Joseph Goebbels y Adolf Hitler asombraron el mundo en los juegos de Berlín 1936 al dar en la tecla de cómo hacer morder el polvo a los estadounidenses, franceses y británicos metiéndose en la conversación del olimpismo. En la anterior entrega de esta serie sobre lo olímpico como factor simbólico en la geopolítica veíamos que después de las tres décadas iniciales en las que los juegos fueron una mera instancia de resolución de pequeños chovinismos entre potencias occidentales —un evento en el que los Estados Unidos, Gran Bretaña y Francia se repartían las medallas para reafirmar la superioridad nacional propia ante los socios, pero siempre dentro de un esquema en el que el proyecto político no se ponía en tela de juicio porque el liberalismo era hegemónico en esas potencias de Occidente—una nueva etapa de la historia olímpica estaba a punto de empezar, habría de durar cuatro décadas y sería mucho menos idílica para Occidente.

Aquel idilio entre socios ideológicos lo habría de romper Alemania al hacer entrar al olimpismo el cuestionamiento al liberalismo. Los nazis tenían su propio proyecto, uno profundamente antiliberal y hasta la propia negación de la modernidad industrial resultante de las revoluciones burguesas de Francia y Gran Bretaña. Por primera vez en 30 años desde la primera edición de los juegos olímpicos modernos en Atenas 1896 la geopolítica se mezclaba con el deporte amateur de alto rendimiento transformando los juegos de Berlín 1936 en un campo de batalla ideológico en el que el liberalismo de Occidente y el nacionalsocialismo de Alemania iban a medir fuerzas en las pistas de atletismo, canchas, gimnasios y piletas con el objetivo de dominar el medallero al final de las competencias.

Afiche para los juegos olímpicos de Atenas 1986, los primeros de la modernidad. De aquí hasta Berlín 1936 tiene lugar un periodo inicial de tres décadas en las que hubo un idilio entre las potencias occidentales y la política prácticamente no se mezcló con el deporte. Eso iba a cambiar cuando los juegos llegasen a Alemania, pues allí gobernaban los nazis y estos iban a aprovechar la ocasión para hacer propaganda de guerra. Berlín 1936 marca, por lo tanto, el fin de la asepsia en los juegos olímpicos: ya nada será igual después de la II Guerra Mundial habiendo observado Stalin el proceder de Hitler.

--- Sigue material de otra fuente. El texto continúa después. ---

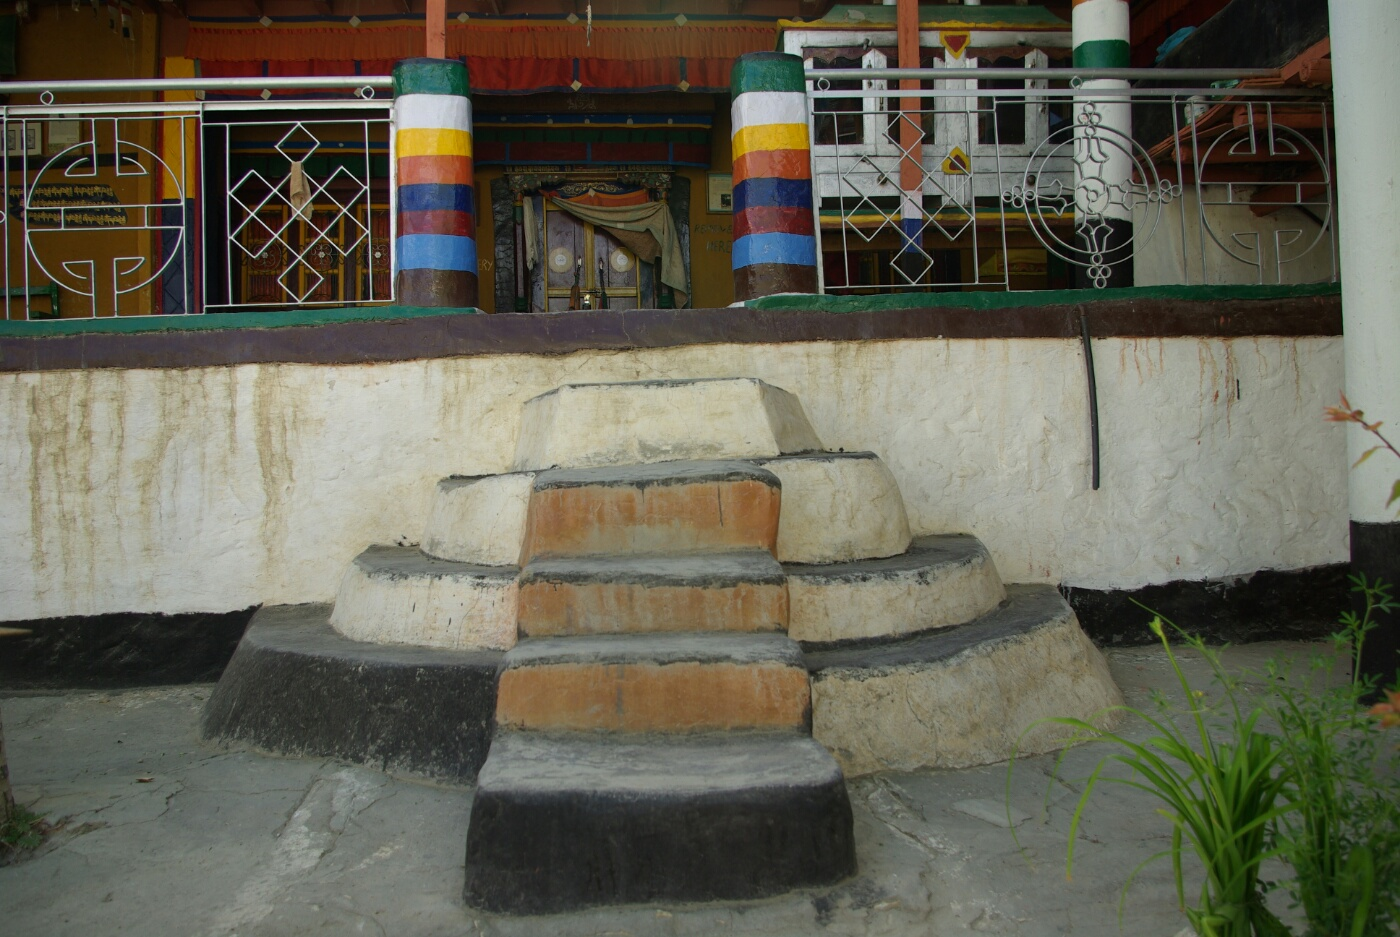 Wakha Kloster: Treppenaufgang zum Gebetsraum.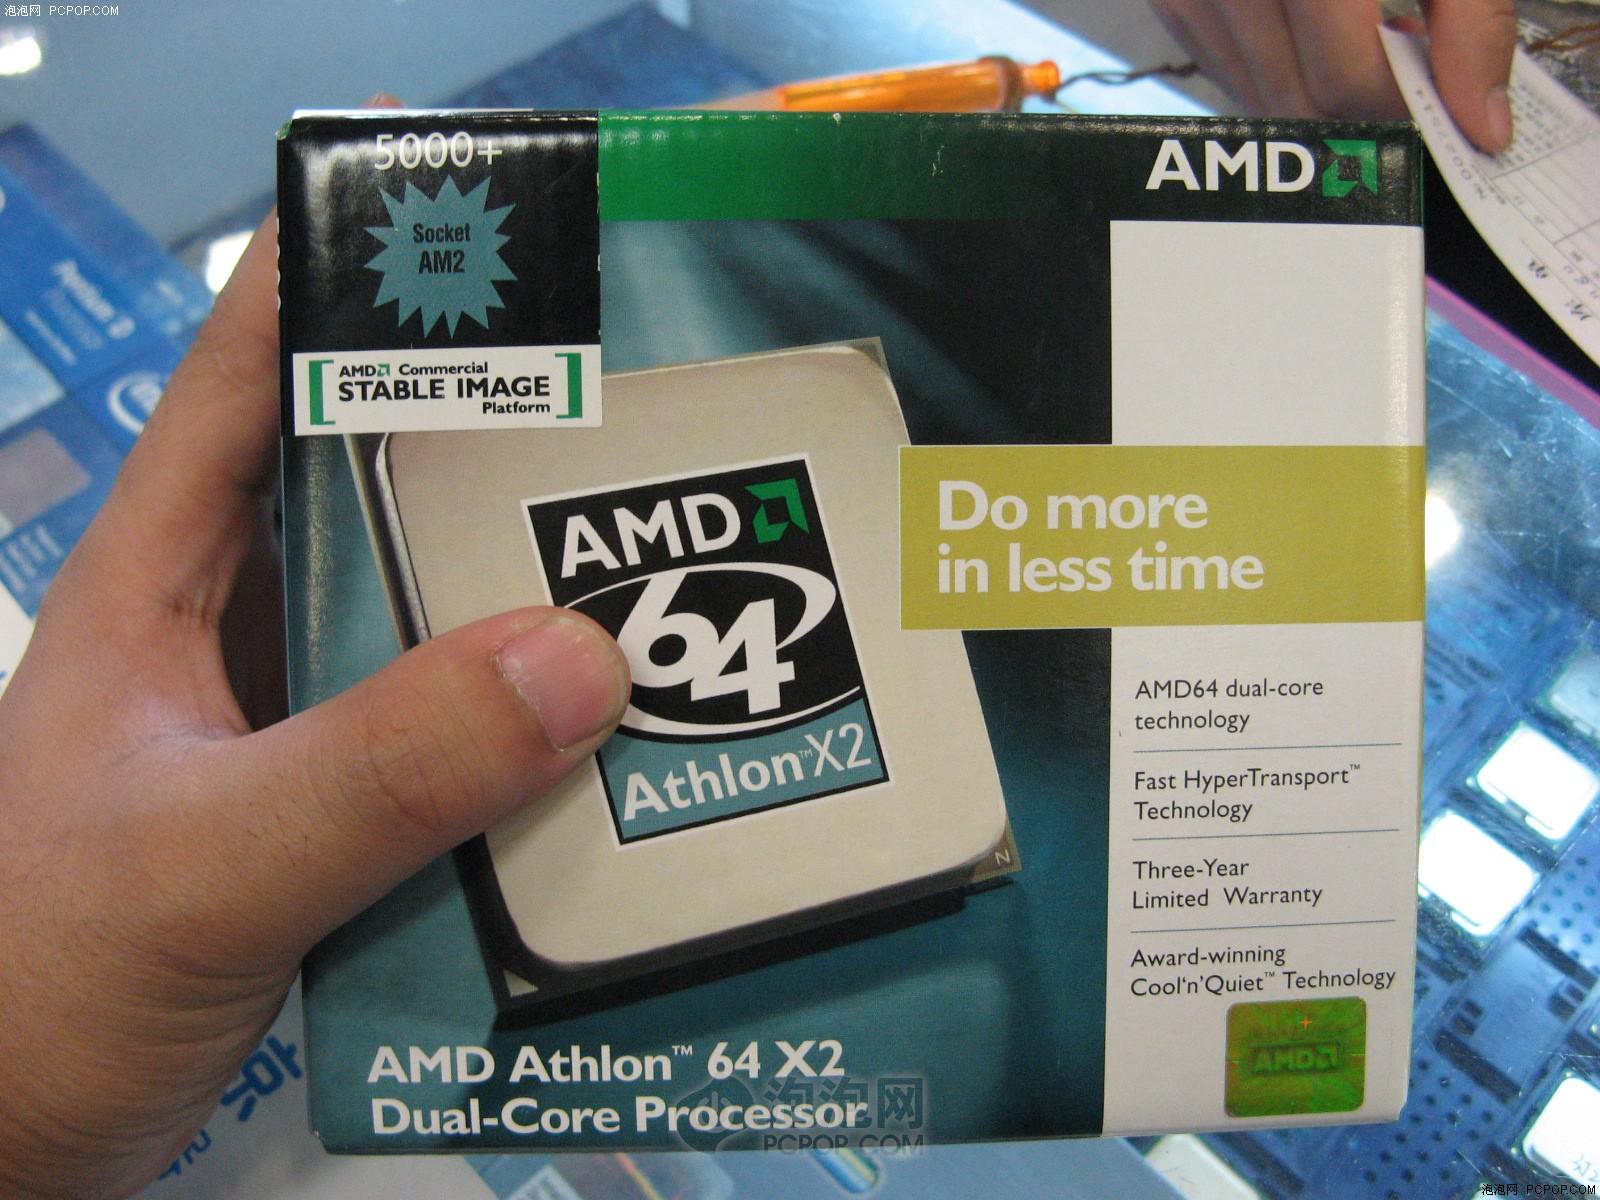 intel疯涨不厚道 且看amd四大天王cpu图片12 pcpop电脑时尚

Los propagandistas de Occidente, fundamentalmente los de Washington, ya habían establecido como criterio la existencia de una correlación entre el éxito de una nación en los juegos olímpicos y la superioridad del proyecto político de dicha nación, esto es, de la cantidad de medallas olímpicas como indicador idóneo del nivel de desarrollo económico, humano y social alcanzado por el país que conquista esas medallas. Así, el dominio de Occidente en los primeros 30 años de olimpismo moderno reafirmaba ante la opinión pública mundial la supremacía del liberalismo sobre cualquier proyecto político alternativo. Un razonamiento sencillo que, no obstante, al parecer, fue cierto entonces y sigue siéndolo hasta los días de hoy.

Goebbels y Hitler observaron ese criterio y tomaron la decisión política de preparar a los suyos para subvertir el orden establecido aprovechando la localía que iban a tener en 1936. Endeudado por la cancelación de los juegos de 1916 que debieron realizarse justamente en Berlín y fueron suspendidos porque el mundo estaba entonces en plena I Guerra Mundial, el Comité Olímpico Internacional (COI) se vio obligado a otorgar la organización de los juegos de 1936 a una Alemania gobernada por los nazis, aun a sabiendas de que eso podría ser contraproducente para el statu quo al que el propio COI debía su existencia: el olimpismo moderno fue hasta 1936 una cosa exclusiva de los liberales, entre franceses, británicos y estadounidenses lo habían creado y dirigían el COI. Y ahora un disidente se metía en el nido con ganas de armar lío.

Los nazis lograron su cometido, humillaron al enemigo liberal y sin lugar a duda ese batacazo fue un precedente de todo lo que estaba por venir. Luego de su triunfo olímpico, los alemanes se envalentonaron aún más y en los años posteriores marcharon sobre Europa ocasionando a partir de 1939 la II Guerra Mundial. Pero esos nazis alemanes habrían de ser derrotados en el mediano plazo y no iban a estar presentes, lógicamente, al reanudarse los juegos olímpicos en la posguerra con la edición de Londres 1948, de modo que nunca sabremos si Alemania había logrado verdaderamente constituirse en una potencia olímpica durante el régimen de Hitler o si el batacazo fue el resultado del factor localía, el que entre fines del siglo XIX y casi todo el siglo XX fue mucho más determinante de lo que es hoy por razones logísticas y también por esa costumbre que tienen los árbitros de favorecer siempre al local.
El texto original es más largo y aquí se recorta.